DATA PROVIDED:
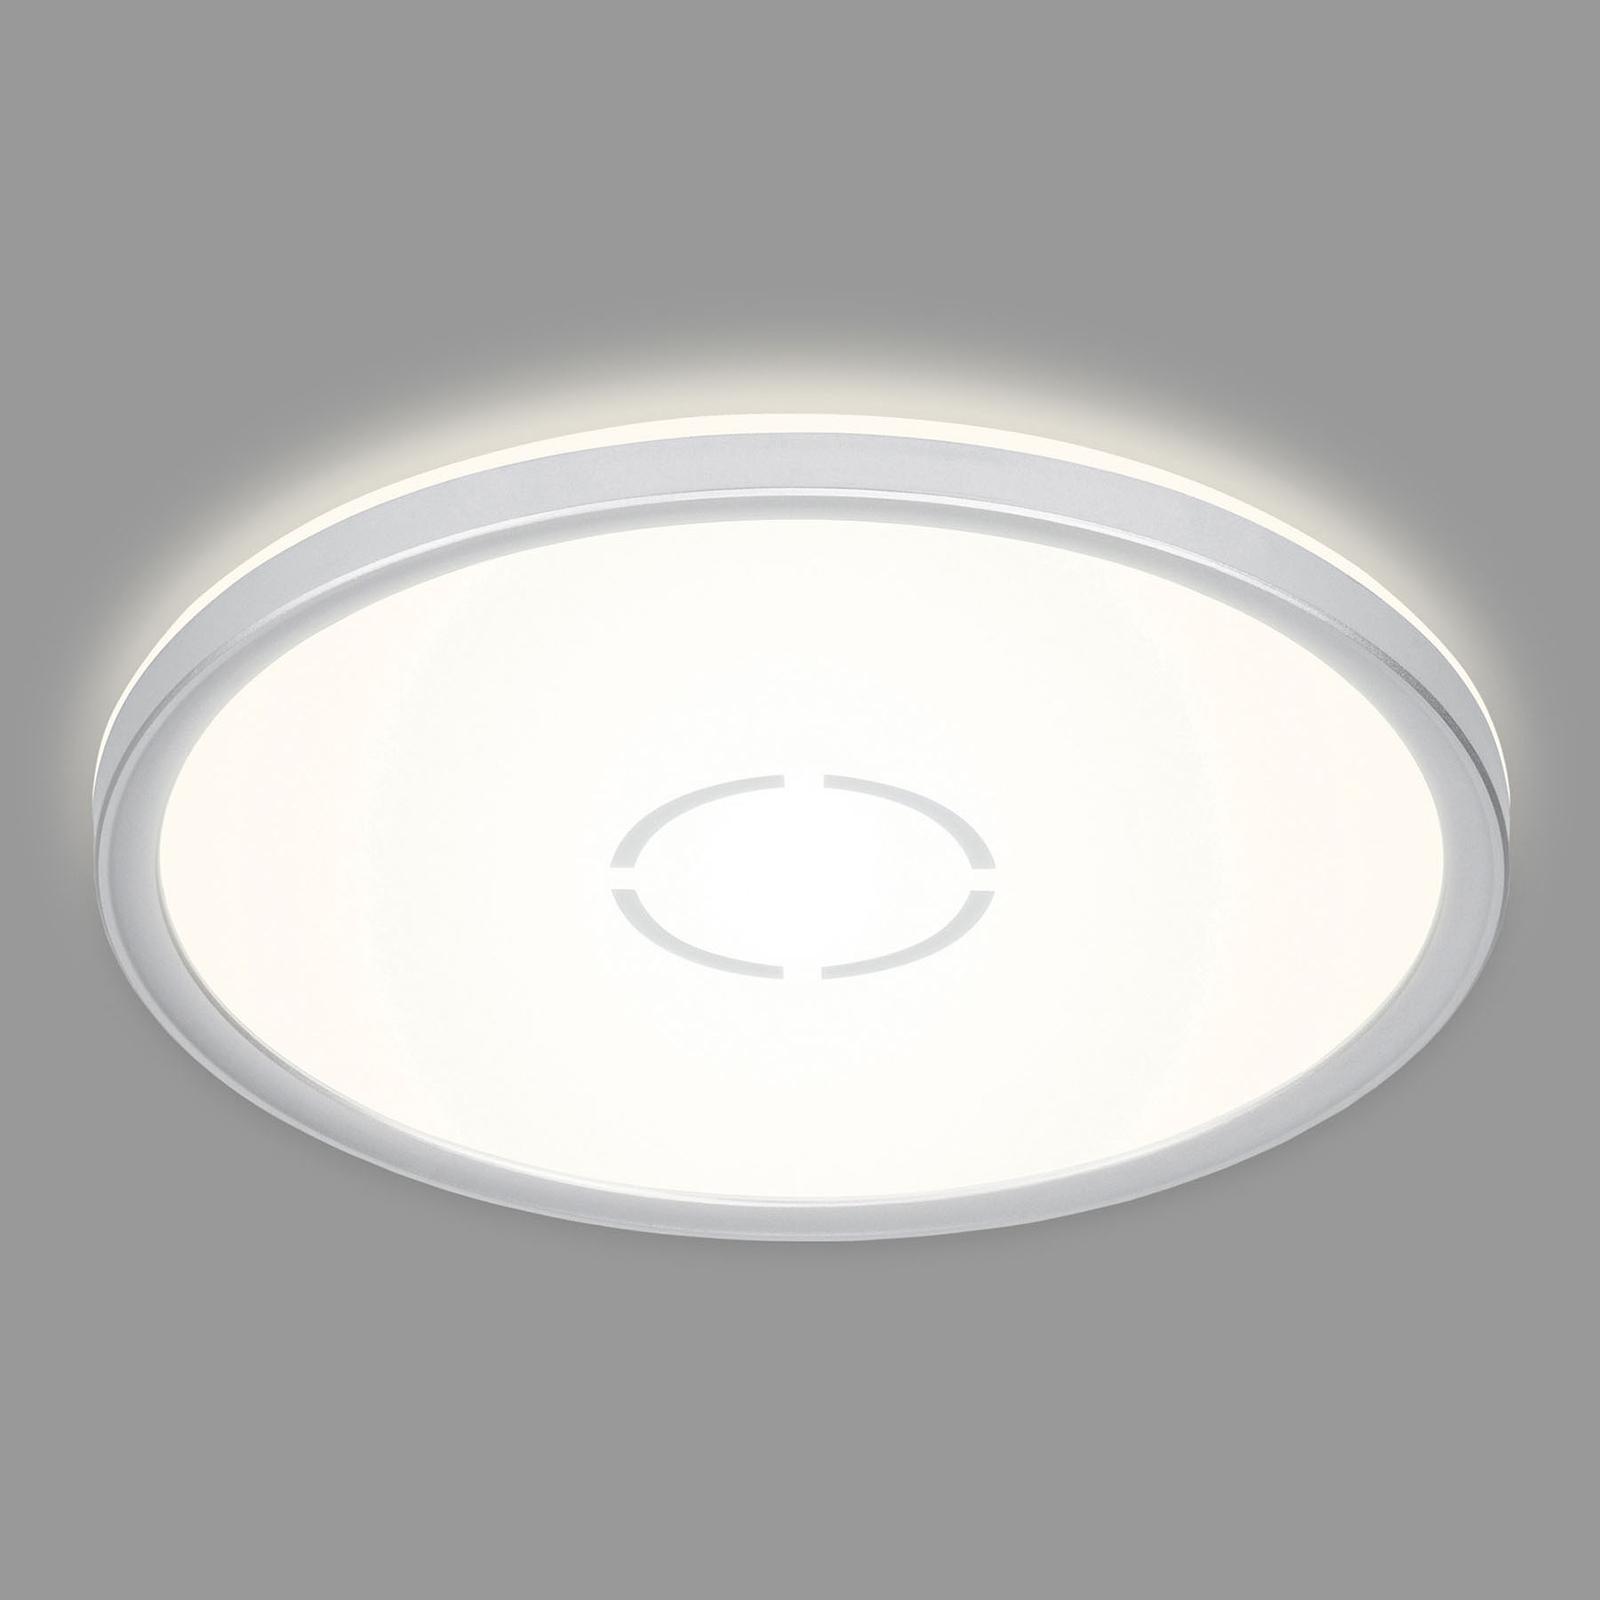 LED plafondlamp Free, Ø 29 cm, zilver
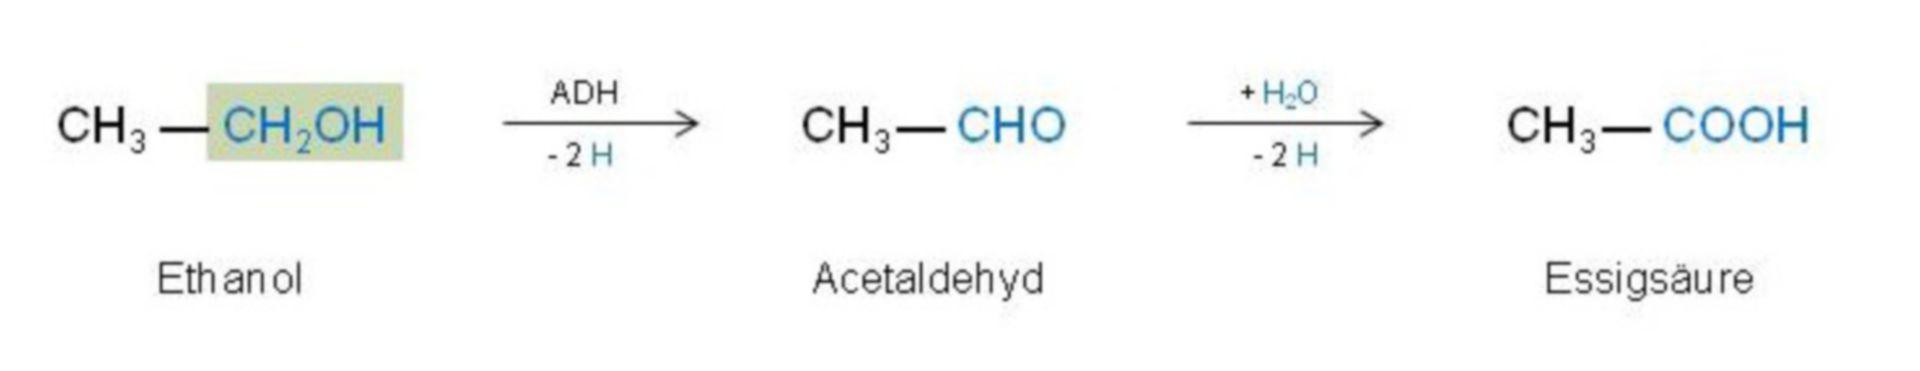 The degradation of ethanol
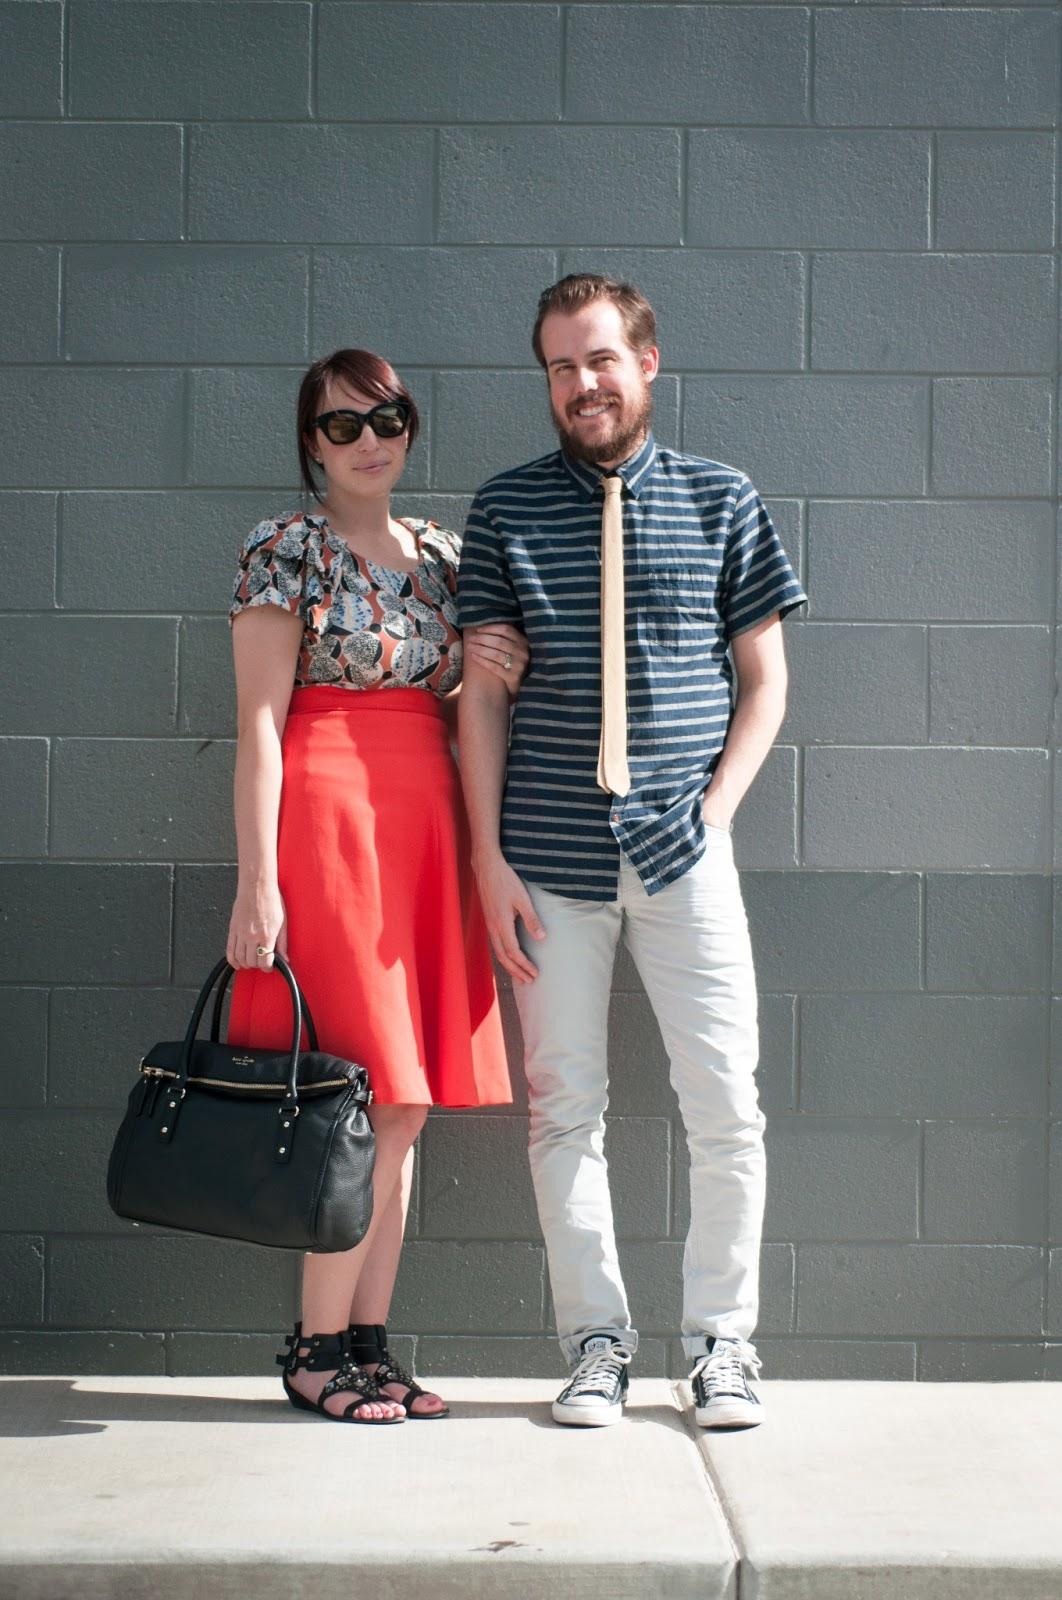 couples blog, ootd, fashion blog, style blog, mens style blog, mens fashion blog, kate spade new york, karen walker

WORK TASK:
A verbatim copy of the listing, with all pictures removed, is required.

ANSWER TO THIS PROBLEM:
 LED plafondlamp Free, Ø 29 cm, zilver
 The degradation of ethanol
 couples blog, ootd, fashion blog, style blog, mens style blog, mens fashion blog, kate spade new york, karen walker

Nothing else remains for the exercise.